The fund’s portfolio is currently consists of 16% U.S. equities, 14% international equities, 12% private equities, 16% private credit, 12% global trading strategies, 9% real assets, 10% real estate, 4% risk parity, 5% fixed income and 2% cash.
The purity hypothesis
Thatcher’s purity hypothesis is based on the fact that most active managers do not cleave purely to their investing style when investing for their portfolio. The result is that they tend not to perform as well as a high-performing index funds in the same category.

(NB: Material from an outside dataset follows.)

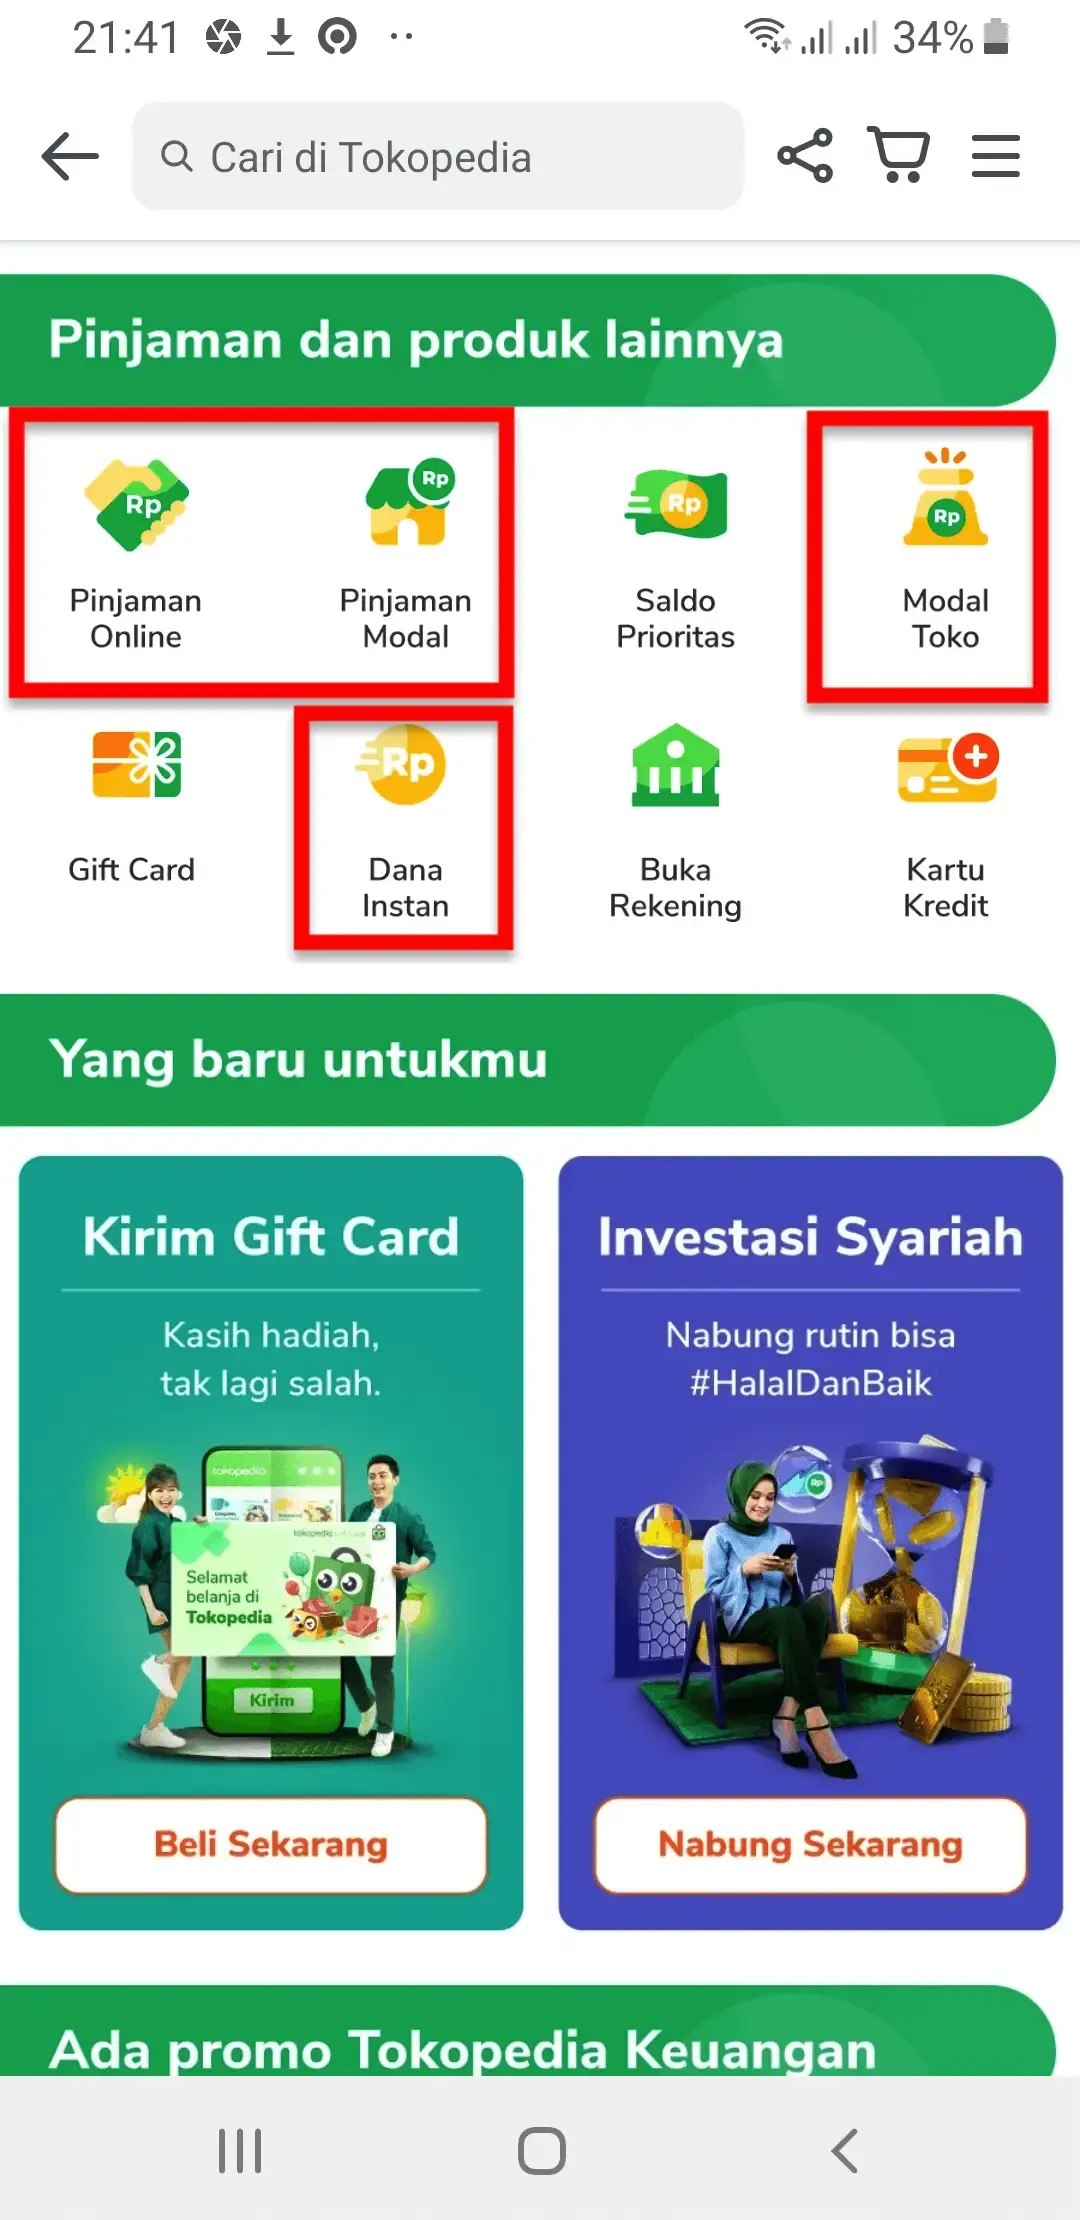 Pinjaman Online Dana Instan

Take large-cap growth stocks, for example. “Large-cap growth stocks have been crushing everything for a long time; they are the best performing class.” And what Thatcher’s research has found is that the large-cap growth index typically outperforms the large-cap growth active managers in that box, Thatcher said. That’s because the large-cap growth active managers typically don’t have their entire portfolio invested in large-cap growth stocks. “These active managers are not style pure,” Thatcher said. “They get into the situation where in the best performing box, they will also have these other non-large growth stocks, maybe some medium growth stocks, that are not performing well and that drags down their return versus the large-cap growth index,” he said.
The concept works the opposite way in the worst performing style box. If small-cap value is the worst performing box and all active managers are not style pure, then the companies in which they invest outside of small-cap value, such as small blend or midsize blend, will pull the active managers’ investment up, and help them to outperform the index, Thatcher explained. What it boils down to, he says is that “active managers are punished for their style impurity in the best performing asset class and are rewarded for style impurities in the worst performing asset categories.”
“When an asset class does well, an index fund in that asset class does even better.”—Steven Dunn, founder of Dunn’s Law, which seeks to explain certain elements of fund performance.
Implementing the purity hypothesis
So, how should investors best use the purity hypothesis concept to boost returns? Thatcher uses current market performance as an example of how it could work. Growth stocks have been outperforming the market up until recently, but “it looks like value stocks, after many years, could be starting to outperform growth, at least in the short run,” he said. So for those who see this as an on-going trend, Thatcher’s recommendation, based on the purity hypothesis, would be “to tilt their portfolio toward value stocks, depending on a number of indicators.” And they should use index funds to do so. “Because, if your tilt is right and value stocks outperform growth, then active value managers as a group are likely to underperform the index. It’s just another reason to avoid active managers,” Thatcher said.
Are active manager the better choice for international equities?
While passive is the way to go with U.S. equities, Thatcher cautions against using the purity hypothesis when looking to invest in international public equities. That’s because of the fluctuations in the currency markets. “If there were not currency movements, maybe the same thing (purity hypothesis) would occur, but we don’t know,” he said.
Thatcher is also quick to point out that he didn’t come up with the initial idea behind the research he is touting. He credits William J. Bernstein, the editor of the quarterly asset-allocation journal Efficient Frontier and a principal at Efficient Frontier Advisors, an investment advisory firm, and Steven Dunn, the founder of Dunn’s Law, for coming up with the basic theory in 1999. Thatcher was so impressed with their research that he began updating it every few years. He is surprised that it hasn’t gotten more traction. “The data is really strong, and people don’t know about it yet,” he said.